Zbigniew Broniarek zaczynał swoją karierę jako dziennikarz Życia Warszawy, tłumacząc depesze prasowe. Szybko awansował na korespondenta zagranicznego Trybuny Ludu, zostając nawet akredytowanym przedstawicielem w Białym Domu oraz stałym korespondentem w Paryżu i Sztokholmie.  Tytuł książki zdradzam nam, że Broniarek biegle komunikował się używając angielskiego, niemieckiego, francuskiego, portugalskiego, hiszpańskiego, szwedzkiego oraz włoskiego.

To, co wyróżnia tę pozycję, to odmienne od powszechnego spojrzenie na naukę języków. Dzisiaj otaczają nas one dosłownie wszędzie. Rynek szkół językowych cały czas się powiększa, a gdy nie chcemy zapisać się na kurs, możemy robić to przy pomocy komputera czy smartfona. Wyobraźmy sobie jednak sytuację osoby, która tuż po II Wojnie Światowej chciała podjąć się tego karkołomnego zadania. Pierwszą barierą był brak wolnego obiegu podręczników oraz ich archaiczny charakter. Drugą, poważniejszą barierą, były kwestie polityczne. Język angielski był przecież na cenzurowanym.

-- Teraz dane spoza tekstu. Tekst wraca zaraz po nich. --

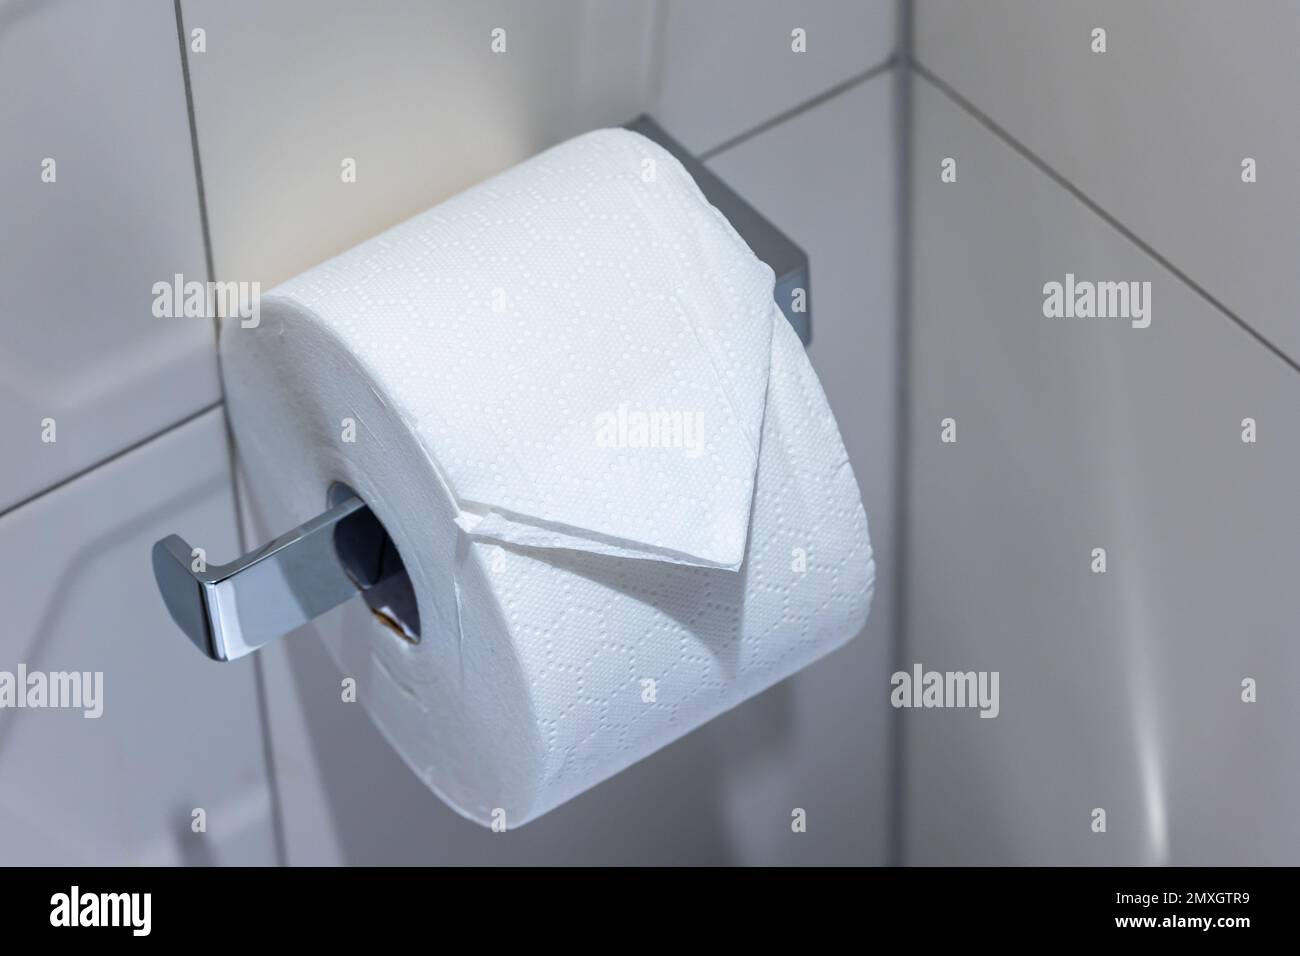 New roll of toilet paper on the holder in the toilet. Toilet finished with white tiles Stock Photo

W książce występują dwa rodzaje wątków. Pierwszy z nich, to pełne anegdot pamiętnikowe opowiadania o pracy tłumacza w okresie PRL. Drugi typ – to wskazówki dotyczące metod nauki języków obcych. Z pewnością jest to lektura obowiązkowa dla studentów kierunków filologicznych, chcących związać swoją przyszłość z zawodem tłumacza.  Możliwe, że niektórzy potraktują ją jako dobrą przestrogę, gdyż autor wyraźnie daje nam do zrozumienia, że rola tłumaczy jest społecznie niedoceniania.

broniarek Gdy autor przechodzi do opisu wykorzystywanych przez siebie metod, wprawia nas w osłupienie. Jego pierwsze doświadczenia polegały na zapamiętywaniu i recytowaniu tekstów w obcym języku. Przy okazji, dowiadujemy się, że w czasach jego młodości sporym osiągnięciem technicznym było korzystanie z lingwafonów. Czym są lingwafony? Odpowiedź na to pytanie znajdziecie na kartach książki 😉

Autorska metoda Broniarka okazuje się być jak najbardziej nowoczesną. Tak się złożyło, że  przerwach w lekturze książki powtarzałem podstawy niemieckiego przy pomocy Duolingo. Ku mojemu zdziwieniu okazało się, że opracowana kilkadziesiąt lat temu metoda jest podstawą działania tej aplikacji! W czasach kartki i papieru, wymagała ona konsekwencji i skrupulatności. Obecnie wszystko   sprowadza się do uzupełniania wskazanych zdań.

Podsumowując, dlaczego warto przeczytać tę książkę? Każdy rozdział kończy się jasnymi wskazówkami, jak postępować, ucząc się języka. Daje ona też dużą dawkę motywacji do nauki. Autor obala w niej mit o dzieleniu ludzi na posiadających i nie posiadających zdolności językowych.

Przy okazji zachęcam Was do zapoznania się z całym dorobkiem Zbigniewa Broniarka. Na YouTubie znajdziecie nagrania z jego udziałem. Zdecydowanie był on człowiekiem minionej już epoki, co czyni go świetnym wzorem do naśladowania dla młodych dziennikarzy i adeptów sztuki translatorskiej.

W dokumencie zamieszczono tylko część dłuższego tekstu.